Privacy laws may not cover key systems
Information systems that search private data, including TIA, may not be covered under privacy laws
Information systems that search private data, including the controversial Total Information Awareness (TIA) program, may not be covered under privacy laws, experts inside and outside government said last week.
The Office of Management and Budget is developing guidance to instruct agencies on how to carry out laws designed to protect Americans' privacy.
The E-Government Act of 2002 includes the first major revisions to federal information privacy mandates since the Privacy Act of 1974, which limits federal collection and use of personal information. One change under the E-Government Act requires all new federal systems used for agency-conducted information collection activities to undergo a thorough assessment of how those systems address privacy protection.
But those requirements only apply to information held in databases operated by federal agencies, while more agencies are proposing to tap into private-sector sources for information and analysis, particularly for homeland security. For example, the proposed TIA system, a Defense Advanced Research Projects Agency pilot program, would sift through individual financial data — for example, information held in databases operated by private banks — to find anomalies that could point to possible terrorist activity.
Resolving the issue of whether agencies can search private data will be the real test for the guidance that OMB is now developing to help agencies follow the new privacy mandates, said Peter Swire, a law professor at Ohio State University and chief privacy counselor at OMB under the Clinton administration.
The OMB guidance will address areas such as how to conduct an assessment, how to circulate an agency's privacy policies and how to secure the information collected.
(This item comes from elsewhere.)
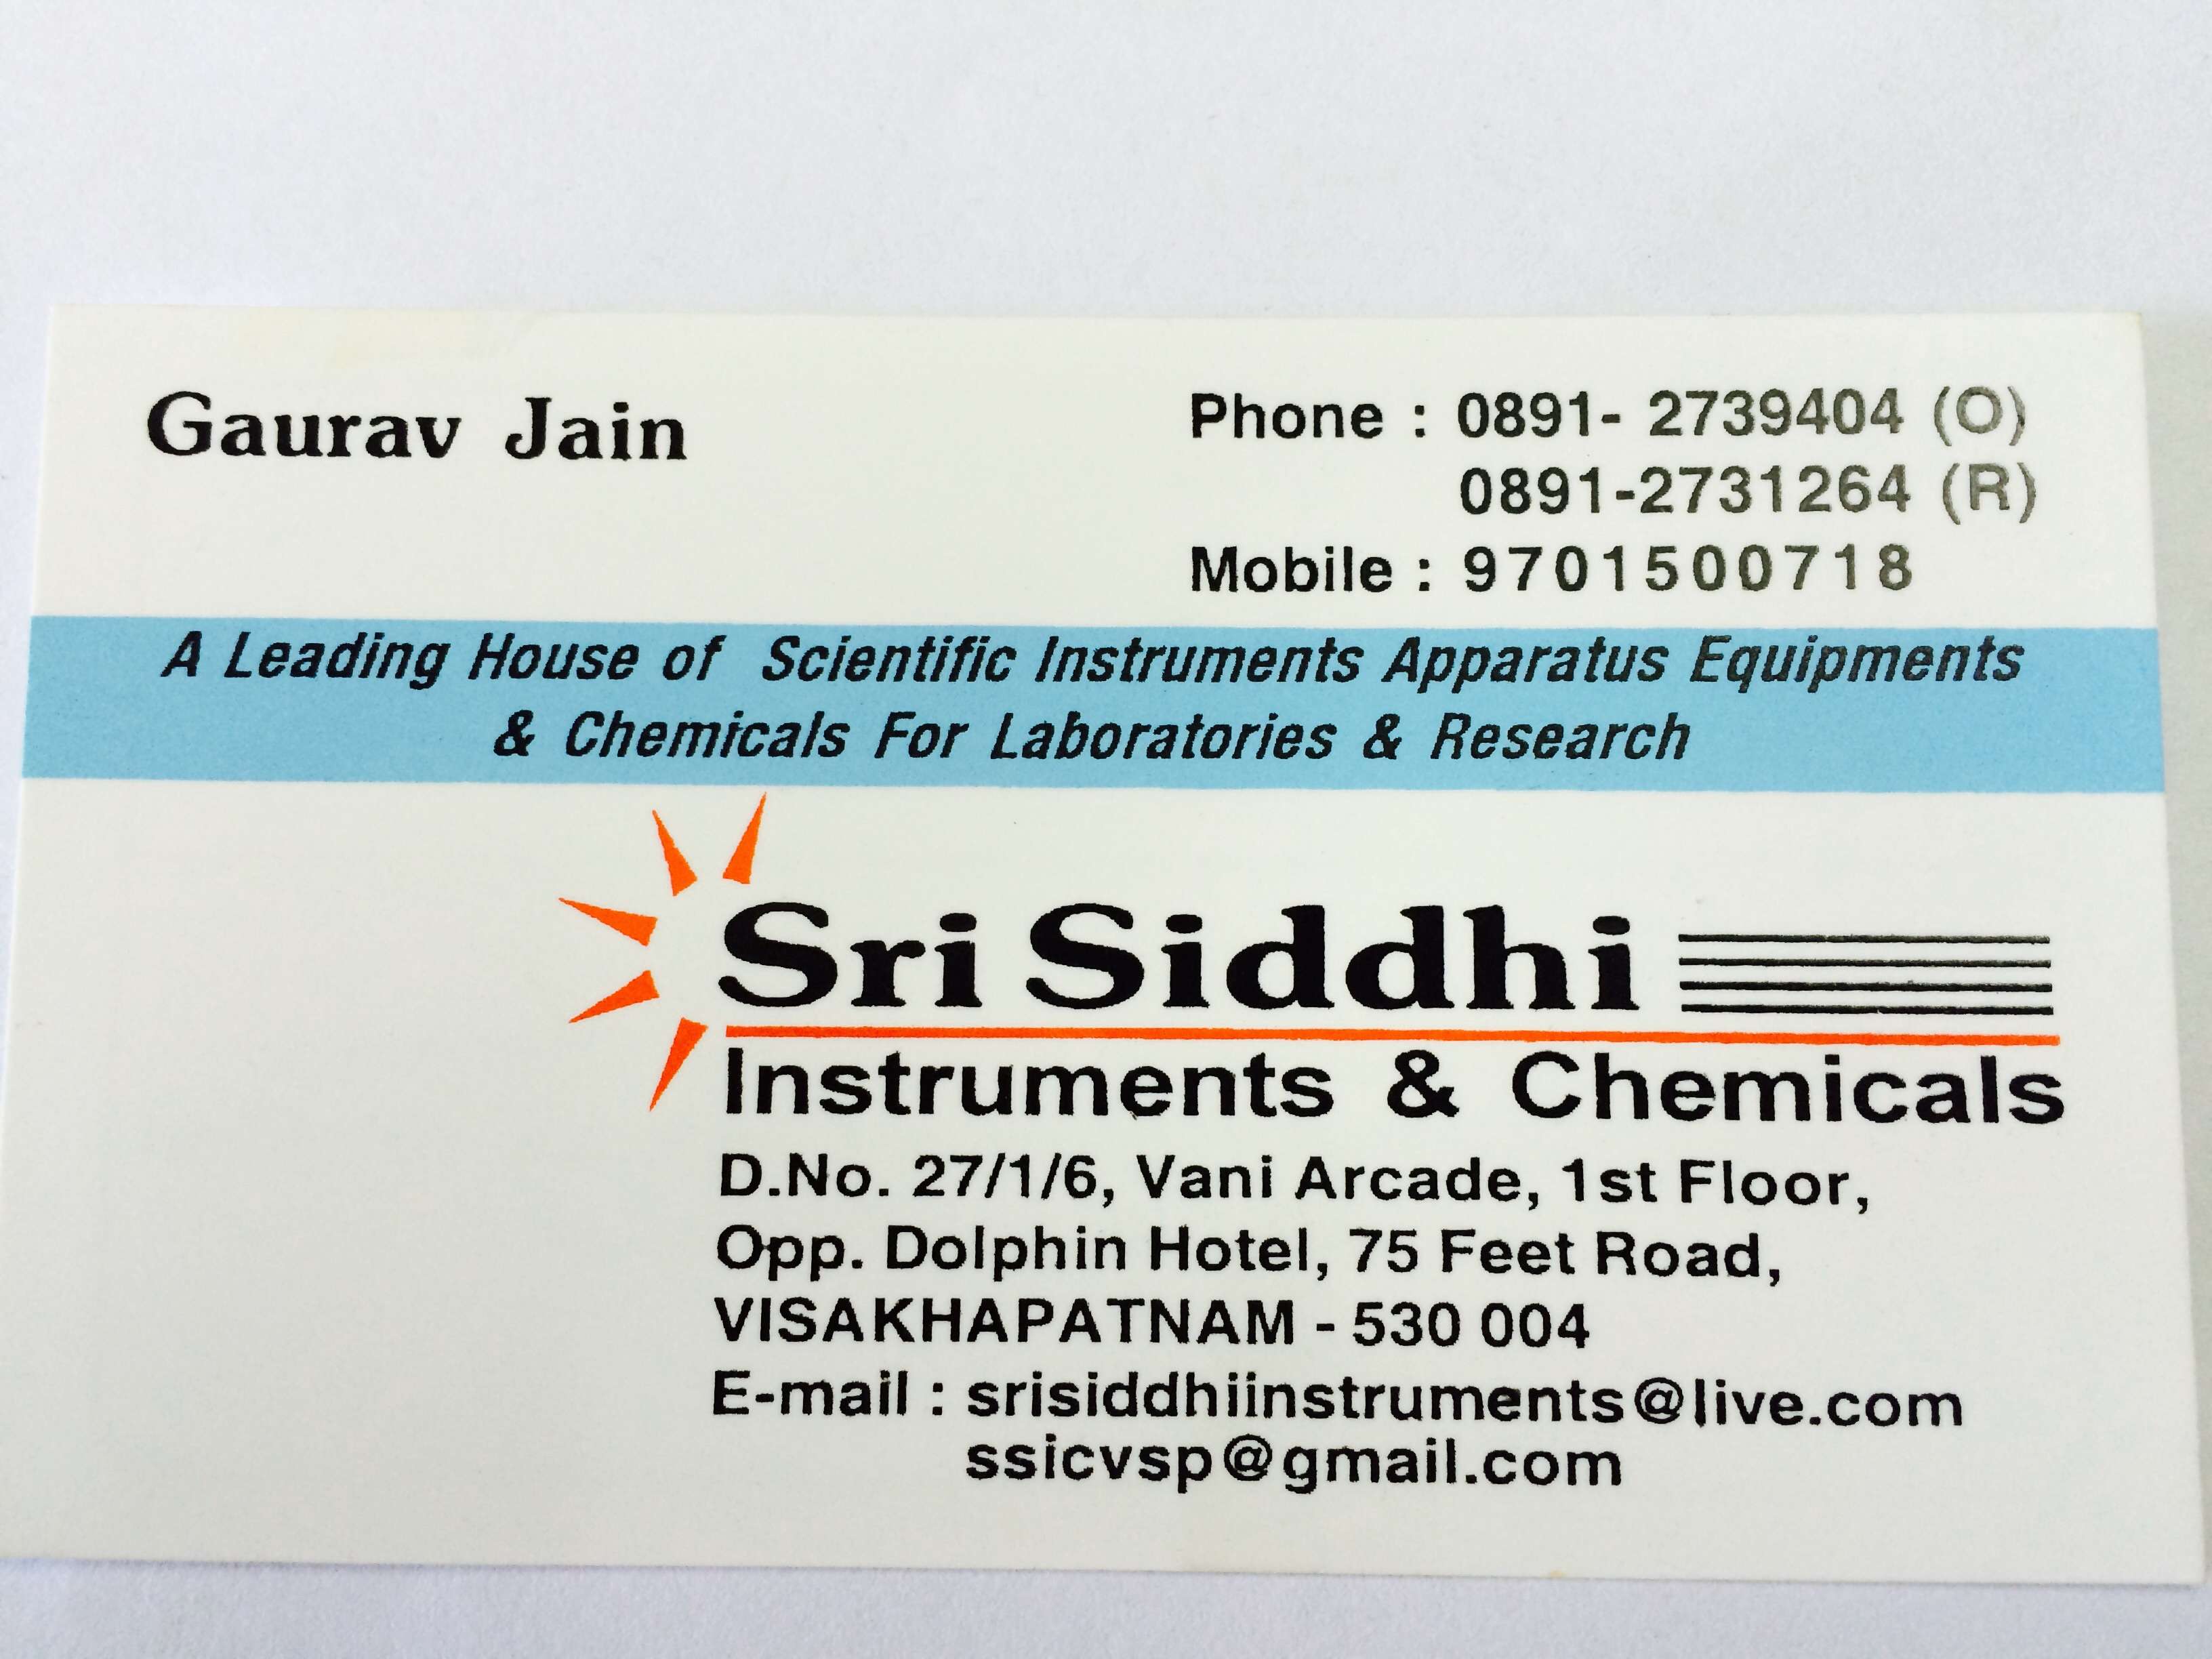 Sri Siddhi Instruments & Chemicals

But Swire said the protocol should also address the government's use of private-sector systems and databases, where there is no real precedent. "It seems to me that's where the action is and there ought to be guidance," he said.
Increasingly, agencies have hired contractors to run federal systems, complicating whether those systems fall under the privacy provisions of the E-Government Act, said Ari Schwartz, associate director for the Center for Democracy and Technology.
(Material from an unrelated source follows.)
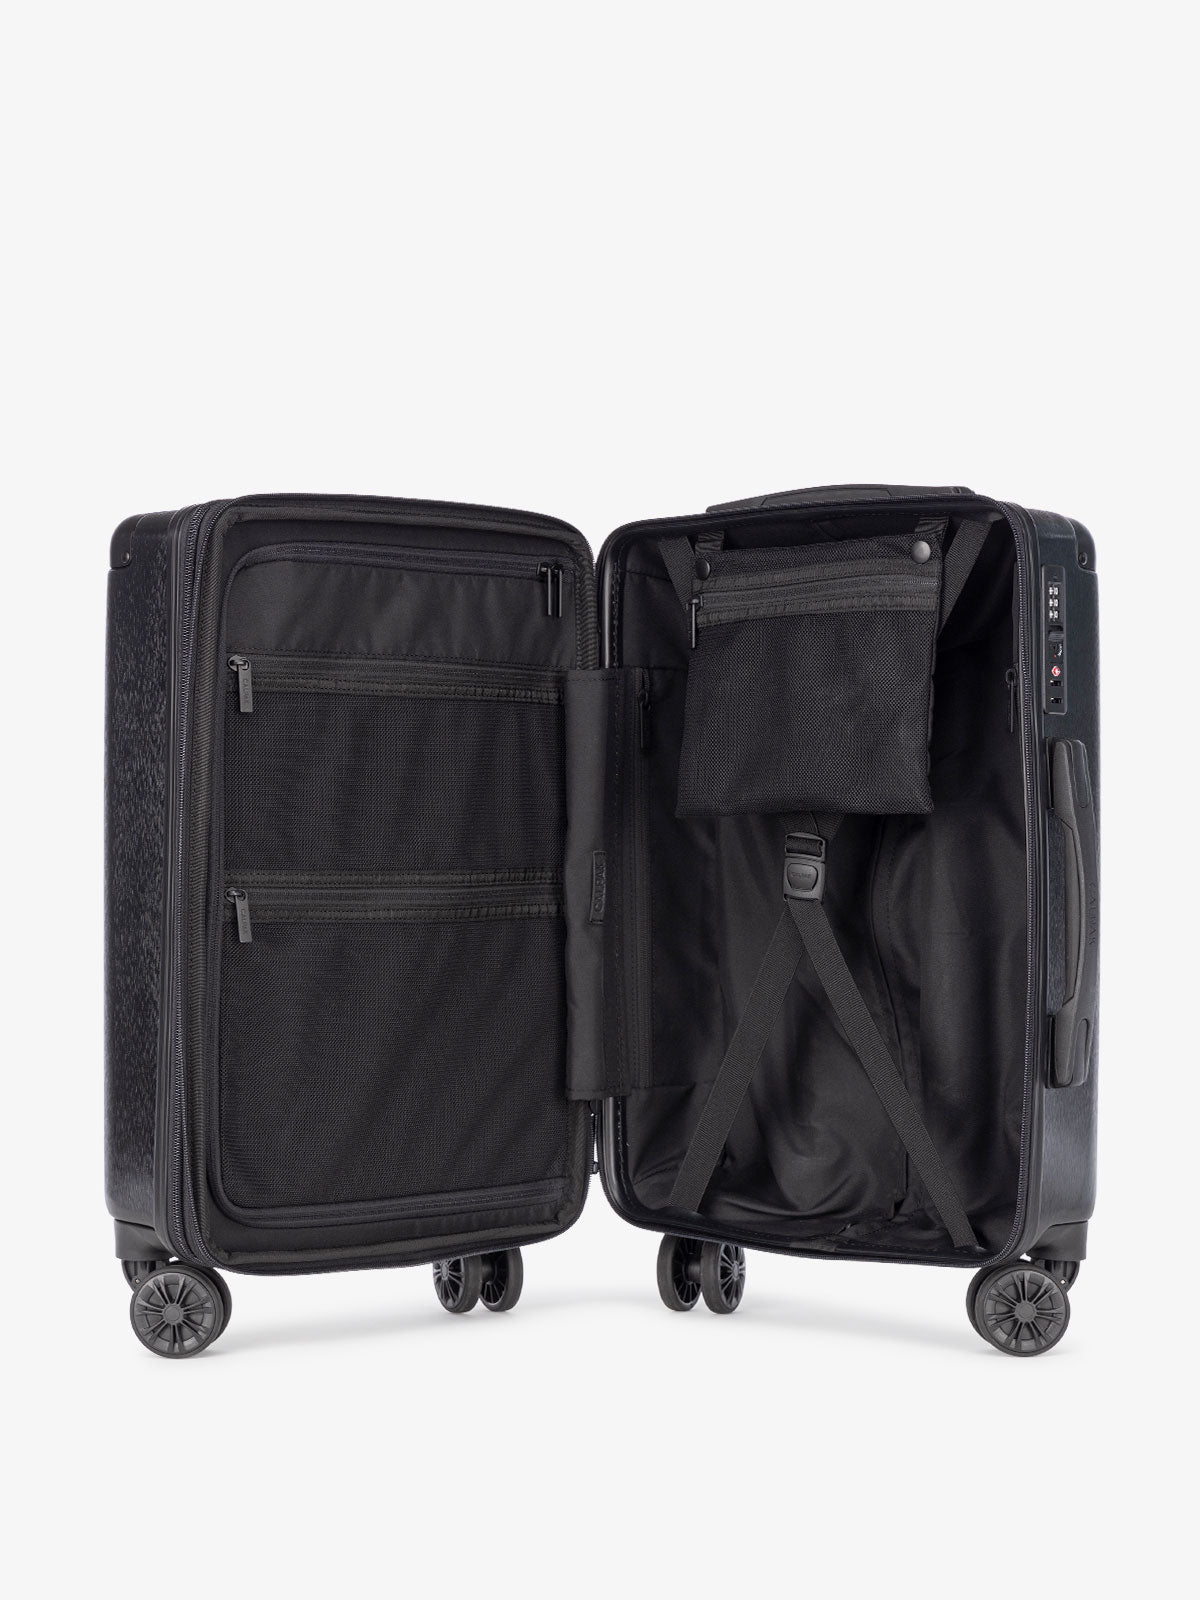 CALPAK Ambeur black medium sized expandable suitcase with compression straps
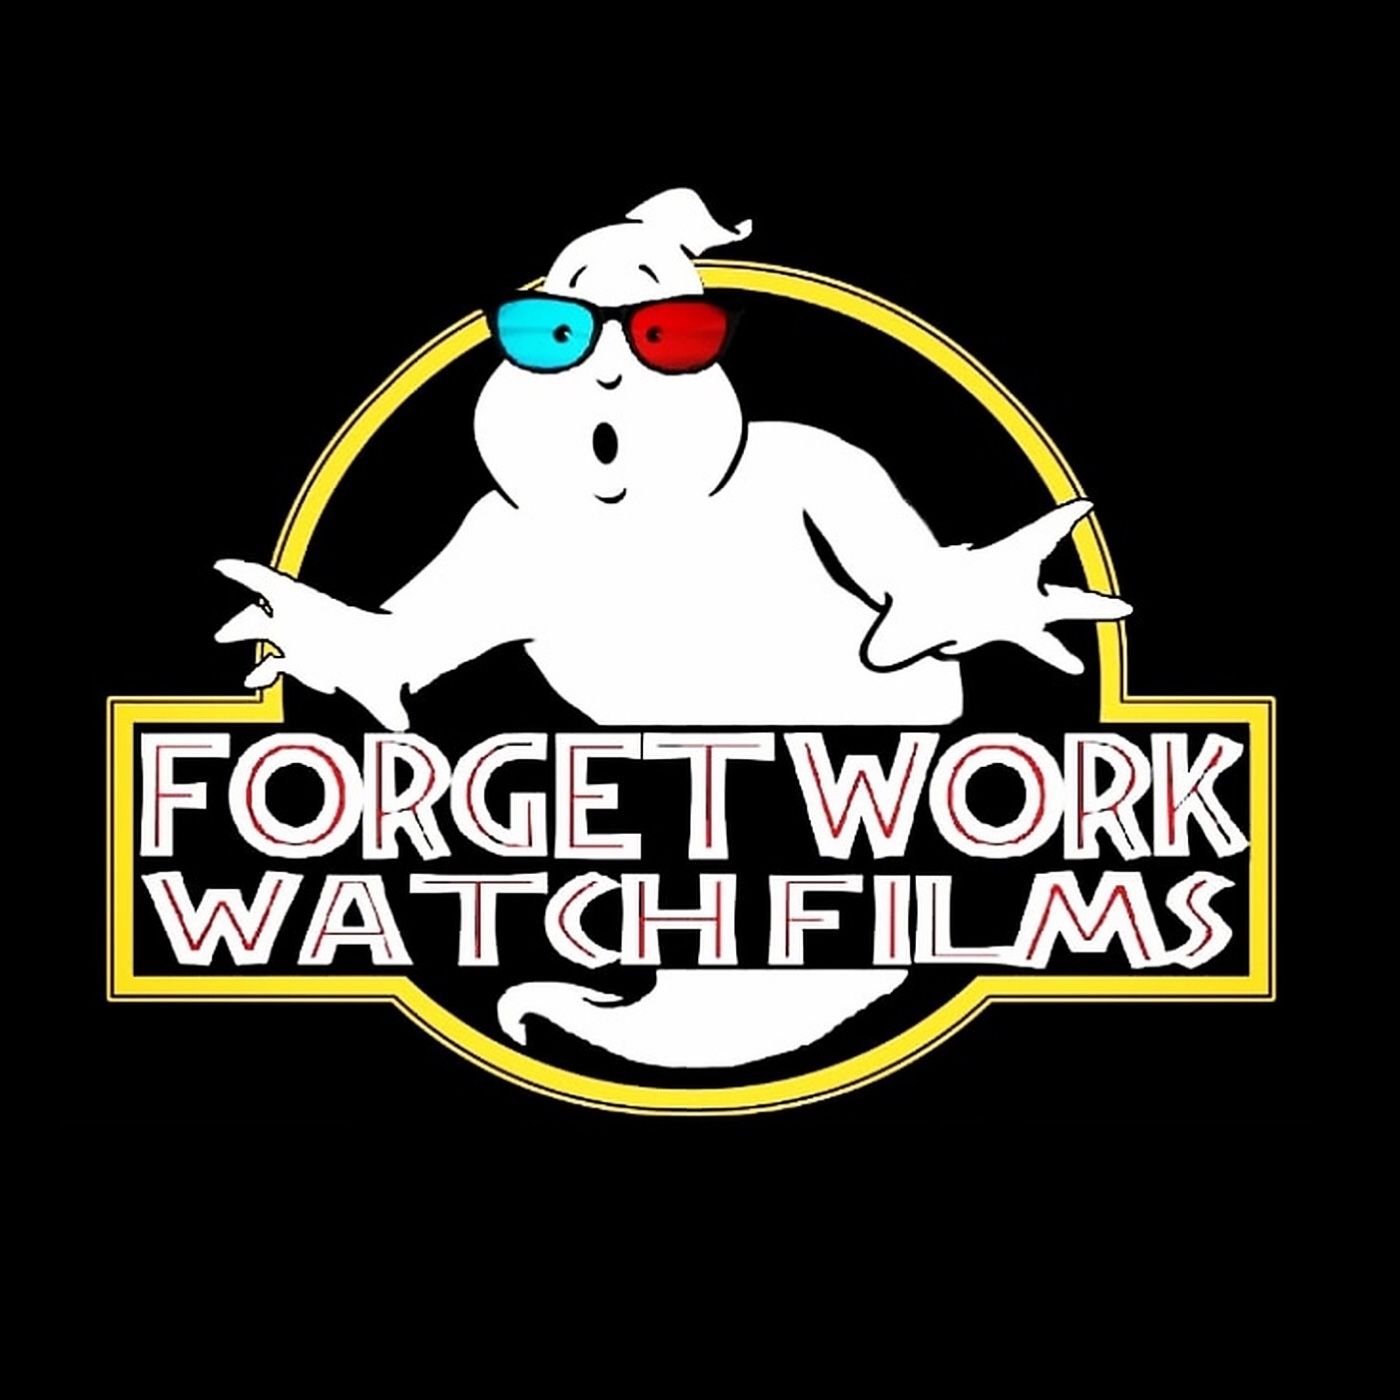 Forget Work, Watch Films!

The courts decided that the 1974 Privacy Act applies only to the collection of information on behalf of an agency, said Franklin Reeder, chairman of the National Computer Systems Security and Privacy Advisory Board, which advises both OMB and the National Institute of Standards and Technology.
The courts, however, have also ruled in the past that the act does not apply to agency use of private databases, which is the controversy with many current systems, Reeder said.
The E-Government Act explicitly states that the privacy policies apply to systems that are developed or bought by federal agencies. OMB still intends to address the subject in its guidance, said Dan Chenok, branch chief for information policy and technology at the agency.